It’s okay to change your mind. That’s why it’s important to be careful with the long-term promises we make to ourselves.
We, as human beings, have the ability to change, to evolve, to metamorphose; whichever word feels most fitting. This can, mistakenly, be confused with a kind of inconsistency in personality, as if our personality were a monolithic entity with no room for contradictions, conflicts, or uncertainties.
Changing your mind means moving forward with time, updating yourself in light of your life experiences and the lessons that come with them. Changing your mind doesn’t necessarily mean being easily influenced by external factors. We’re not necessarily impressionable just because we change our minds often. Changing is also about experimenting with new ways of being-in-the-world.
In my clinical practice, I meet clients who express a need to update themselves. These are people whose personal and professional lives are well established, yet who now wonder if this was truly what they always wanted, as they experience a certain dissatisfaction. Perhaps these were past desires, and now there are new desires, new possibilities, new paths. Or perhaps those earlier desires arose from social pressures and the collective imagination of success that promotes the illusion of permanent fulfillment.

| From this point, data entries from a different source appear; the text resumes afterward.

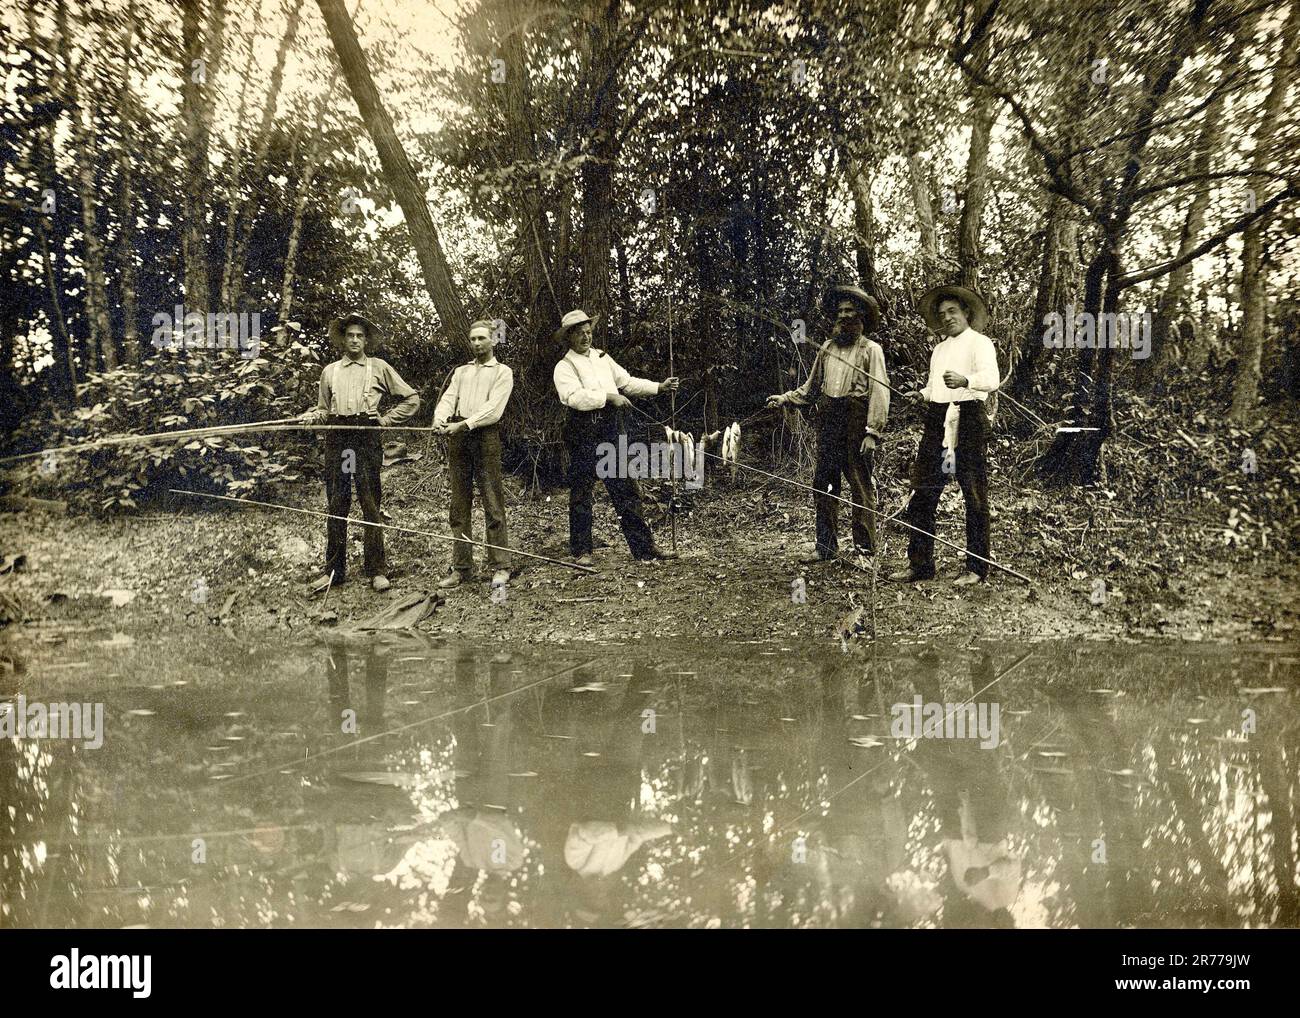 Fishing early 1900s, Vintage Fly Fishing, Old Fashioned Poles Stock Photo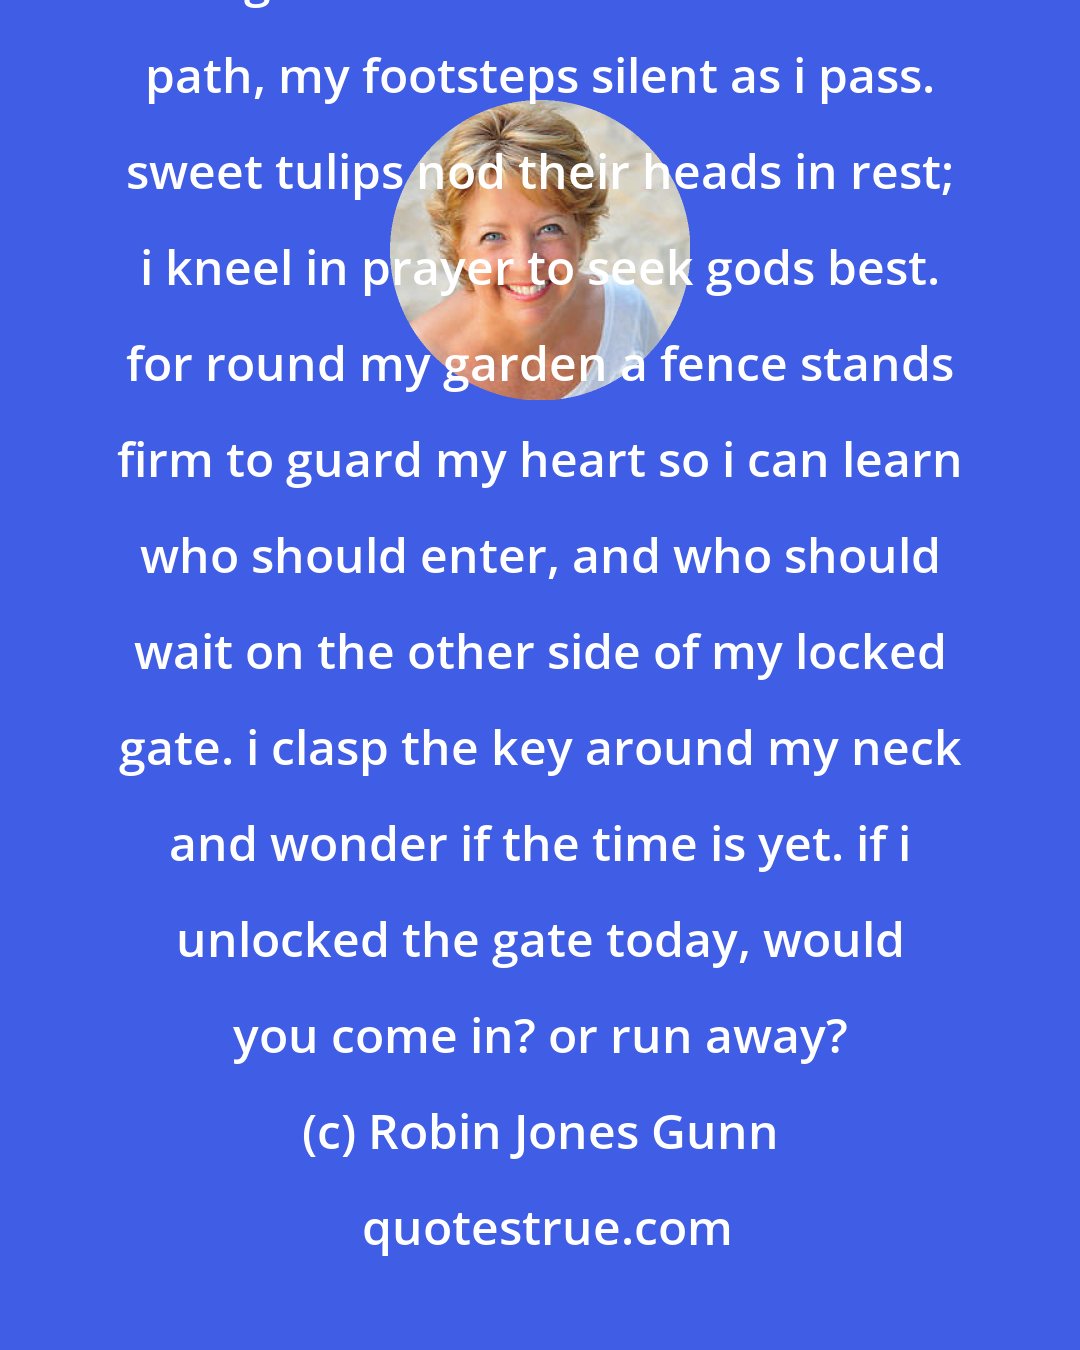 Robin Jones Gunn: Within my heart a garden grows, wild with violets and fragrant rose. bright daffodils line the narrow path, my footsteps silent as i pass. sweet tulips nod their heads in rest; i kneel in prayer to seek gods best. for round my garden a fence stands firm to guard my heart so i can learn who should enter, and who should wait on the other side of my locked gate. i clasp the key around my neck and wonder if the time is yet. if i unlocked the gate today, would you come in? or run away?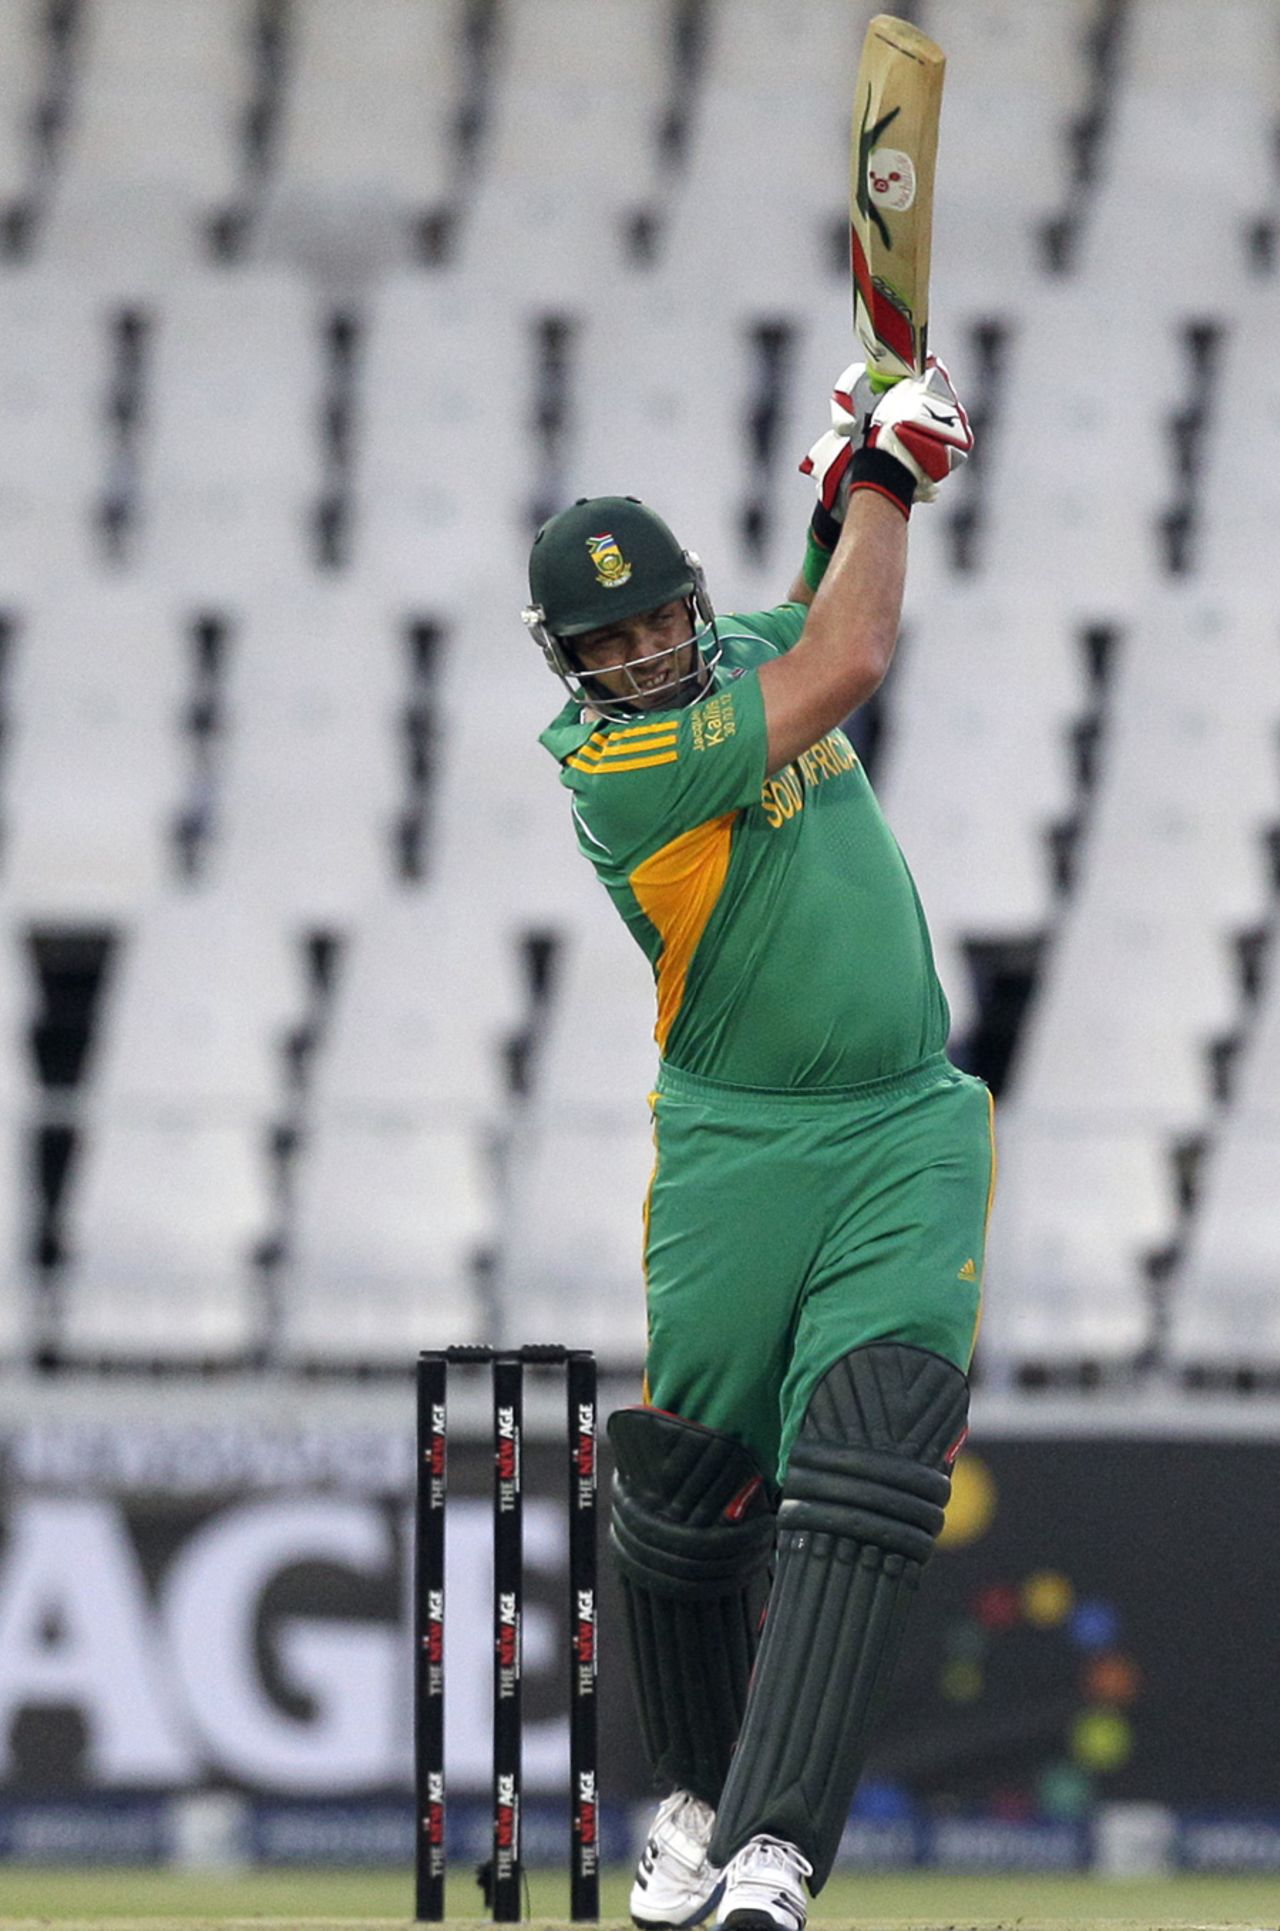 Jacques Kallis forces one past mid-on, South Africa v India, Only T20I, Johannesburg, March 30, 2012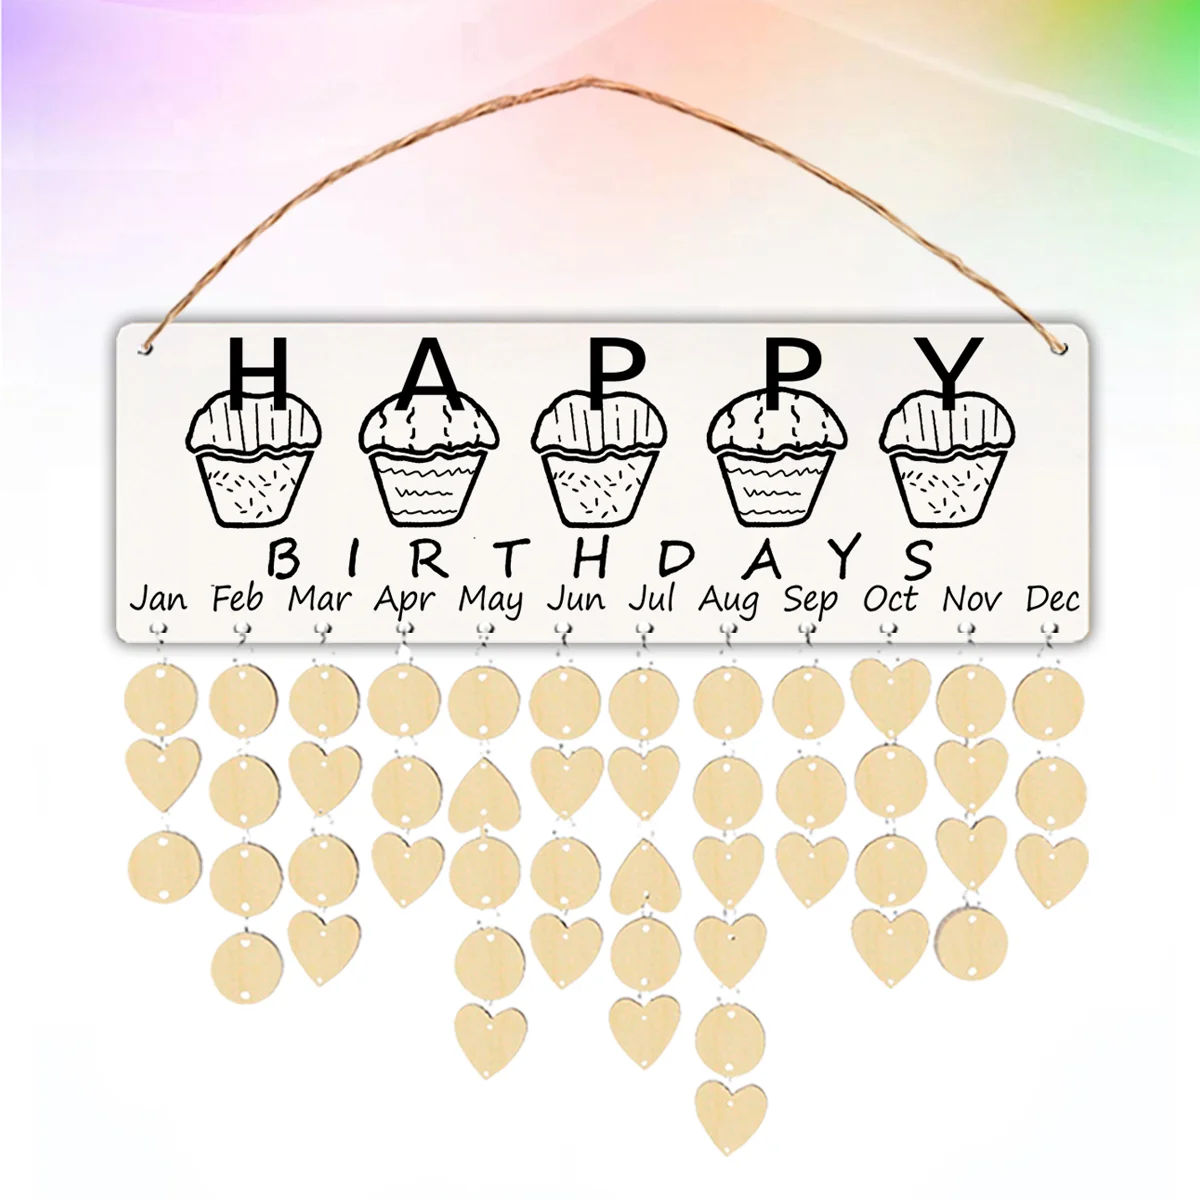 Wooden Birthday Reminder Board DIY Dates Reminder Sign Rope Hanging Events Anniversary Celebration Calendar Wall Plaque with promotional price display frame sign board with number panels

Can we change our minds, even if the people around us are shocked by it and resist this new internal demand?
The answer is: Why not?
This drive for self-actualisation, however, runs up against a ready-made society that imposes prepackaged dreams of starting a family and choosing a career that provides the most comfortable life possible. We seek recognition, belonging, and personal achievement. We try to fill the unfillable void of an existence full of inconsistencies and empty of certainties. We are thus struck by an existential emptiness that is difficult to put into words.
To update oneself is to bring personal meaning to our existence in the present moment. Because the present is what we have right now, and who we are at the moment does not define our entire trajectory.